WHAT YOU SHOULD DO >> Would you please copy all of the data exactly, skipping the images?

DATASET EXCERPT >>
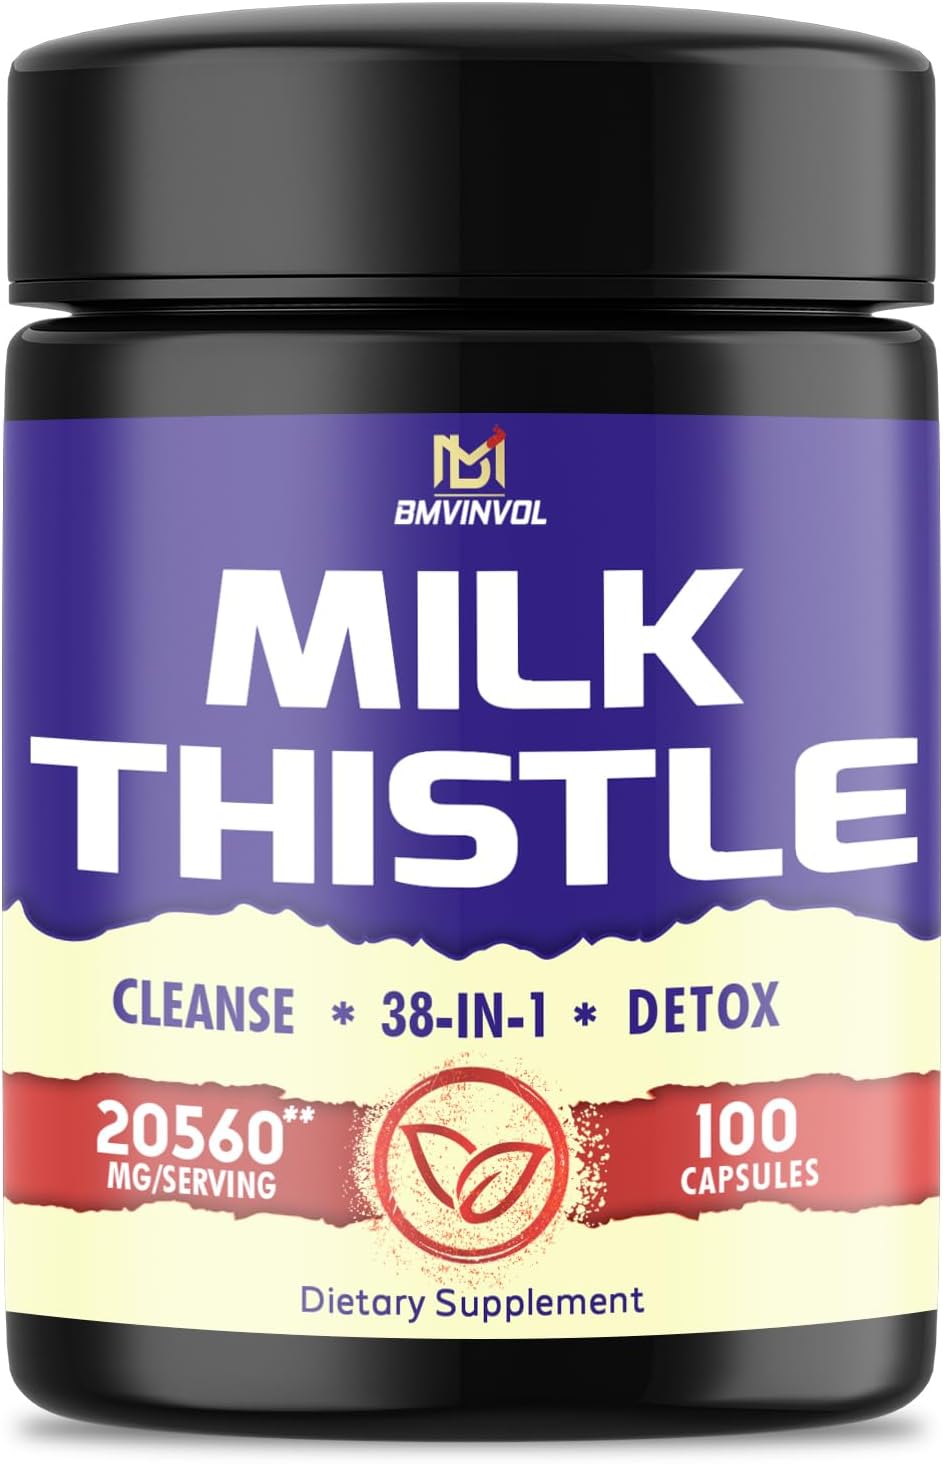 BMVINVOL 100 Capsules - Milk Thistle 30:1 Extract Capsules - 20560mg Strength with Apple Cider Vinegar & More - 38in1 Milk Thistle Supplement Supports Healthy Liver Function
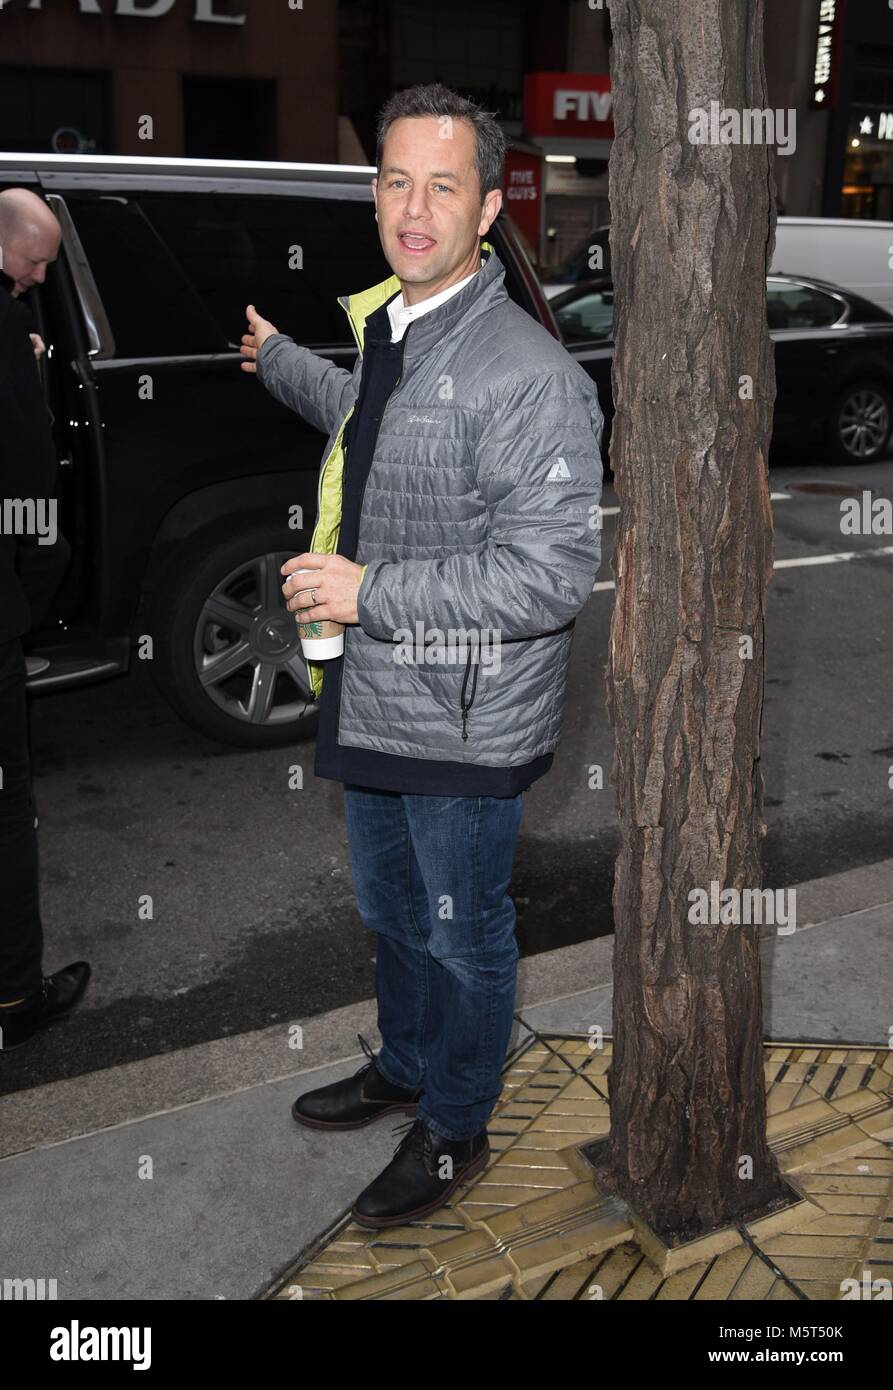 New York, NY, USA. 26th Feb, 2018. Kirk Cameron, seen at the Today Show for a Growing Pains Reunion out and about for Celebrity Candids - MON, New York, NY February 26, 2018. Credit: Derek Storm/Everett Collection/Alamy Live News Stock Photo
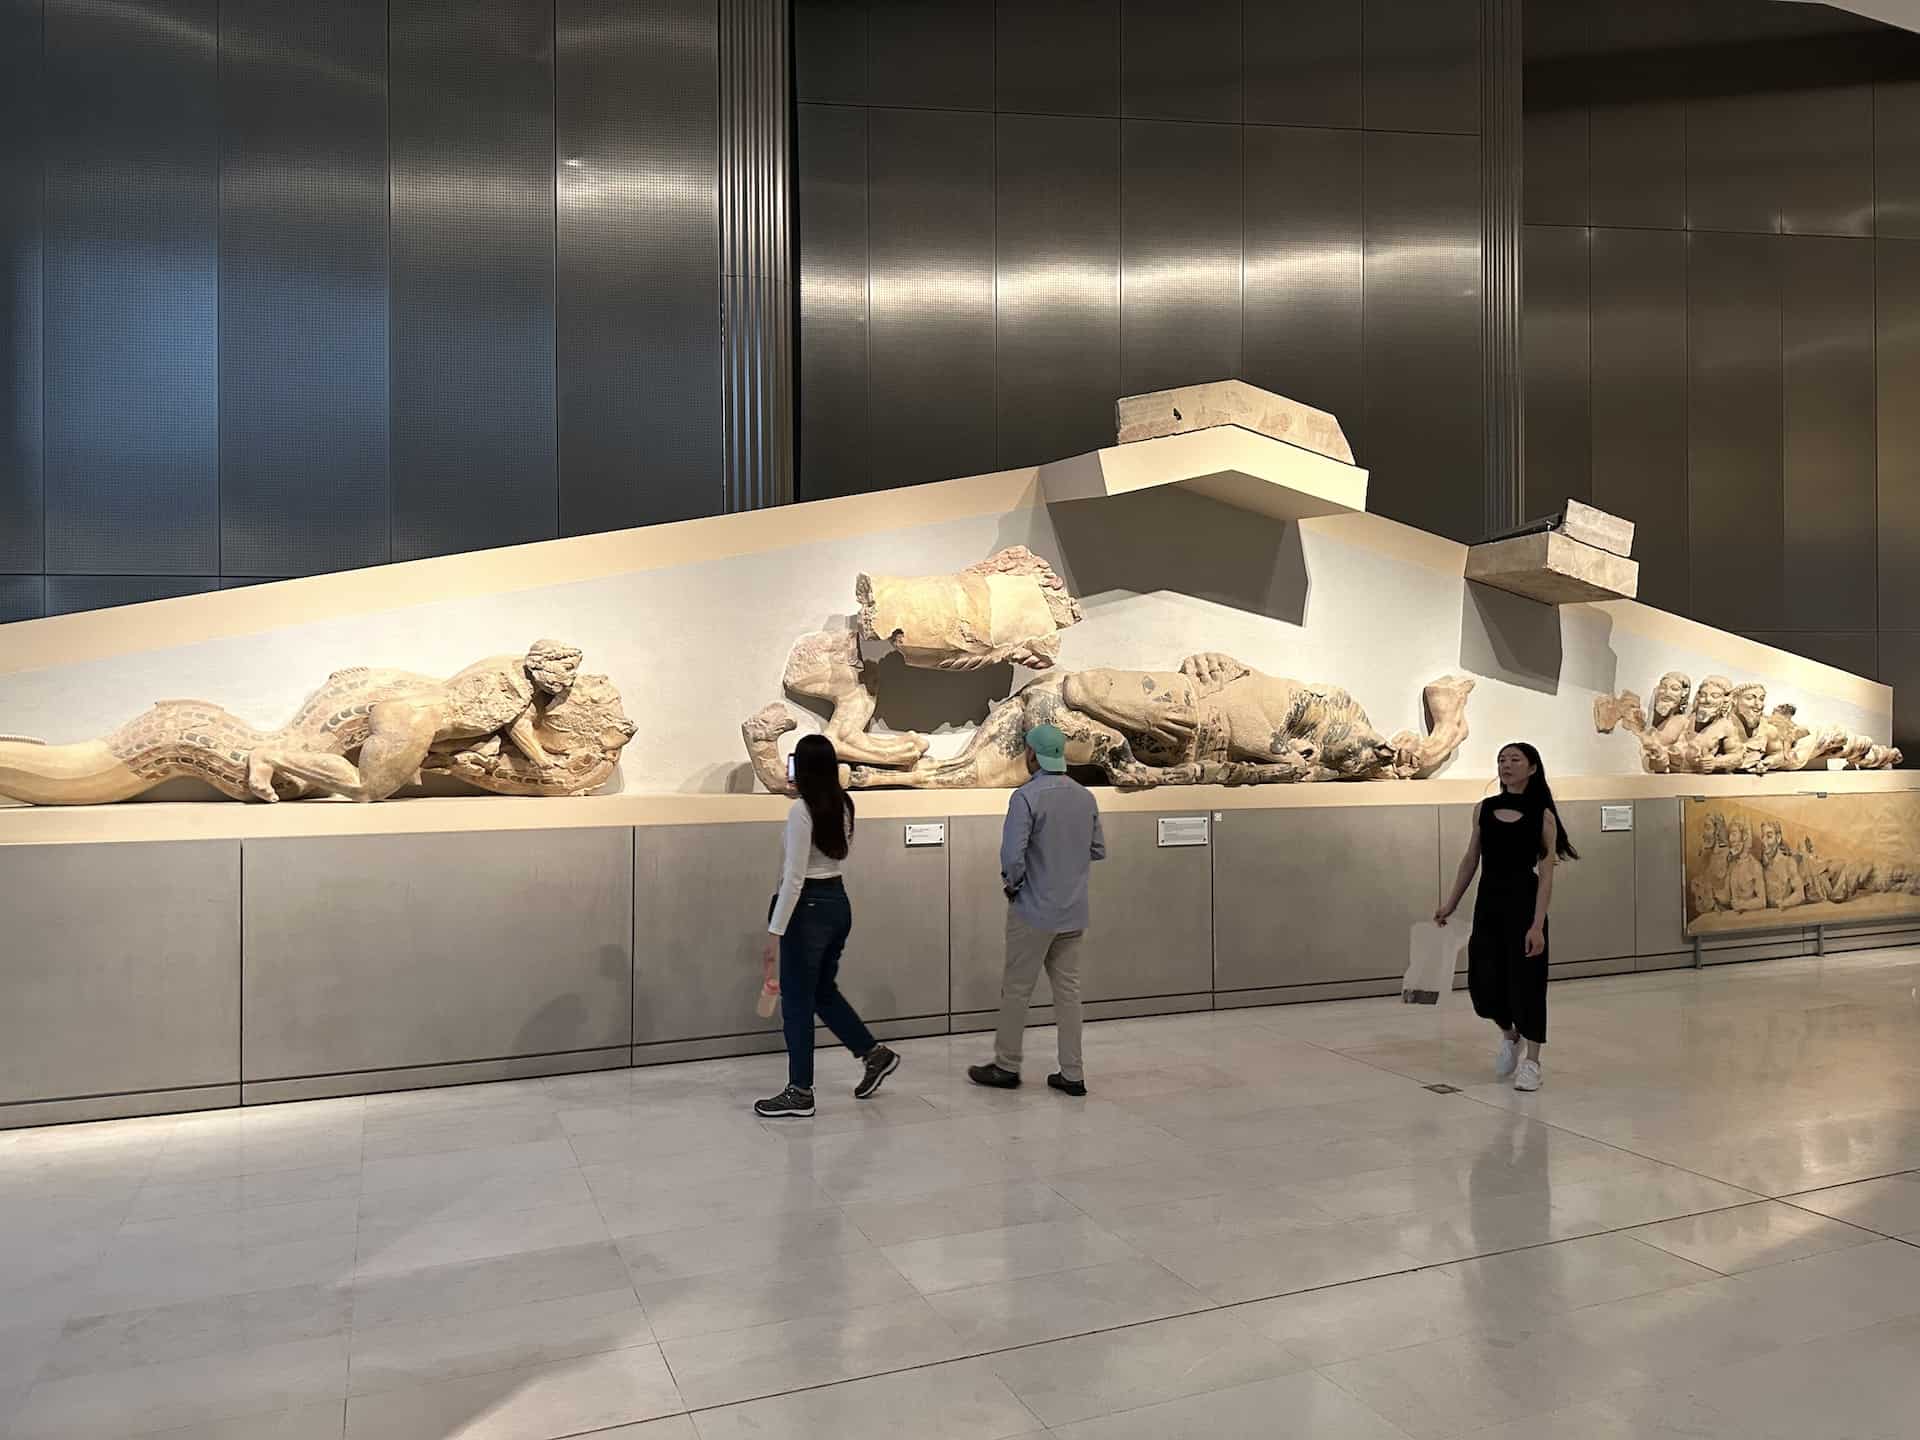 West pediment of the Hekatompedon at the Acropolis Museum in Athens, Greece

TASK SOLUTION >>
 BMVINVOL 100 Capsules - Milk Thistle 30:1 Extract Capsules - 20560mg Strength with Apple Cider Vinegar & More - 38in1 Milk Thistle Supplement Supports Healthy Liver Function
 New York, NY, USA. 26th Feb, 2018. Kirk Cameron, seen at the Today Show for a Growing Pains Reunion out and about for Celebrity Candids - MON, New York, NY February 26, 2018. Credit: Derek Storm/Everett Collection/Alamy Live News Stock Photo
 West pediment of the Hekatompedon at the Acropolis Museum in Athens, Greece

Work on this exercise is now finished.